Matt Hancock enjoyed an early boost in his evidence session to the select committees investigating the lessons learned from the government’s handling of the pandemic, when one of the committee chairs Greg Clark confirmed that Dominic Cummings had not submitted written evidence for the allegations he had made in his own session.
Those allegations included that Hancock had lied to the Prime Minister about testing of patients being discharged into care homes; that he had been told by the chief scientific adviser that not everyone who needed treatment received it; that the Cabinet Secretary had ‘lost confidence’ in the minister’s honesty; and that he had interfered in the expansion of testing capacity. Clark also said Cummings had provided no explanation for this failure to meet the deadline set by the committees.
Hancock referred to this failure a number of times, saying with some evident satisfaction that ‘much of the evidence has not been put forward for that testimony and I find that telling.’ He also spent a fair bit of time at the start of the hearing trying very pointedly to underline what he saw as his collegiate approach to the pandemic. The implication was clear: Cummings favoured chaos and confrontation, whereas Hancock was a team player. He denied all the allegations made – but was more forceful on some than others.
On care homes, Hancock said he had always told the Prime Minister the truth.
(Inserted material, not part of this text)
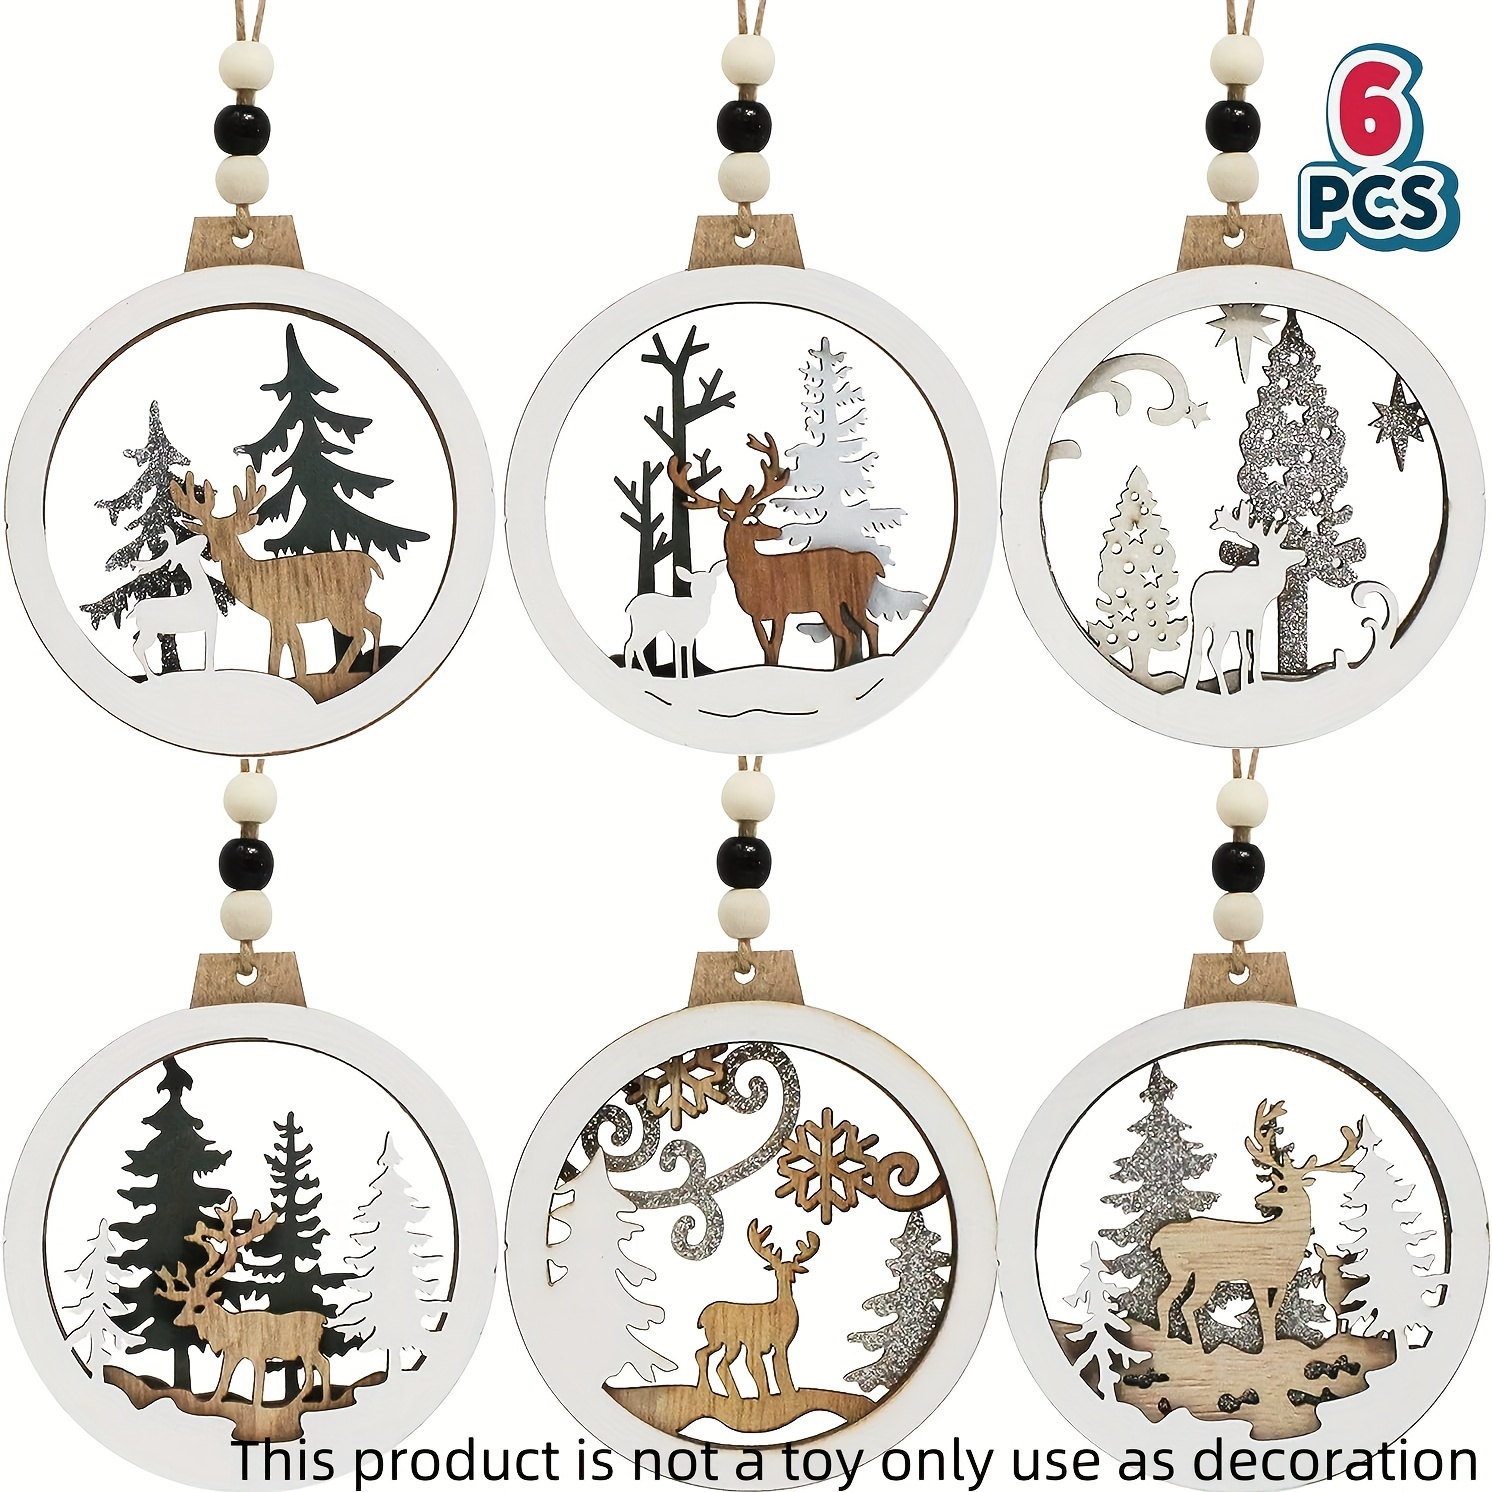  8 Pieces Christmas Wooden Ornaments Christmas Farmhouse  Ornaments Reindeer Hanging Decorations Xmas Tree Ornaments Rustic 3D Round  Hollow Laser Cutting Wood Ornament for Christmas Holiday Decor : Home &  Kitchen

He claimed that he had said testing of those discharged from hospital would happen and that he set to work building the capacity for this to happen. This was not what Cummings alleged. The former Downing Street aide said:
‘We were told categorically in March that people would be tested before they went back to care homes. We only subsequently found out that that hadn’t happened.’
At the end of the hearing, he channelled Meghan Markle and thanked the committees for giving him the opportunity to tell the truth
It’s a subtle but important difference: Hancock’s version of events is that he was clear that he was aiming for this testing to happen as soon as possible, whereas Cummings said that it only later became clear that testing hadn’t been taking place when Hancock had promised it already was.
Hancock also tried to claim that a Public Health England report had shown that just 1.6 per cent of care home outbreaks came from hospital discharges. But as Clark then politely pointed out, this wasn’t right: this figure was low because people were not being tested routinely at the time, and so the finding only applied to the outbreaks seeded by people who were confirmed to have Covid. ‘I think that study is the best assessment that can be made,’ Hancock responded. Organisations such as the National Care Forum disagree, saying the lack of testing means we will probably never really know the extent of the damage caused by discharging people without tests.
Hancock denied the claims about people not receiving the treatment they needed, and argued that he had moved swiftly to stop this being managed through the inappropriate imposition of ‘Do Not Attempt Resuscitation’ orders on those with mental illnesses and learning disabilities. And he was bullish on whether the deaths of healthcare workers really could be attributed to PPE shortages. He was only prepared to admit that, ‘it was pretty close sometimes but we did manage to ensure that at a national level we had the PPE.’
Hancock also disputed Cummings’ particularly dramatic claim that deputy cabinet secretary Helen McNamara had come to the Prime Minister in a panic about there being no plan to handle the pandemic and had warned that ‘we’re going to kill thousands of people.’ He said that, contrary to this quote, the plan had already been published. ‘I don’t understand that testimony,’ he said.
A curious moment in his long session came when he praised the Radio 4 programme More or Less, before jokingly asking what it had said about him. Had Hancock been following this statistics programme, he might have been less enthusiastic in his praise. It has examined how he met his testing targets by changing the way they were measured, and its presenters have been rather withering in their assessment of him. For Hancock, though, the testing target of 100,000 tests a day by the end of April 2020 was a good number to set because it galvanised the system. Others only distanced themselves because they didn’t have the faith that the target would be met, he argued, then claiming that he had subsequently found out what he’d done was a recognised management strategy.
At the end of the four-hour hearing, he channelled Meghan Markle and thanked the committees for giving him the opportunity to tell the truth about what had happened after Cummings’ explosive testimony. But like the interview the Duchess of Sussex and her husband gave to Oprah Winfrey, this won’t be the last stand-off over different ‘truths’ about the pandemic. Cummings won’t have forgotten about the deadline for his evidence. There is some suggestion he may have been waiting to hear what Hancock said before releasing the evidence. Even though submitting his evidence after the hearing shows a contempt of the MPs running the inquiry (which wouldn’t be out of character given the general low esteem in which Cummings holds parliamentarians), it will still reignite the political row. Hancock didn’t have a bruising hearing. But he also hasn’t ended the questions about his handling of the pandemic, or indeed about his future as Health Secretary.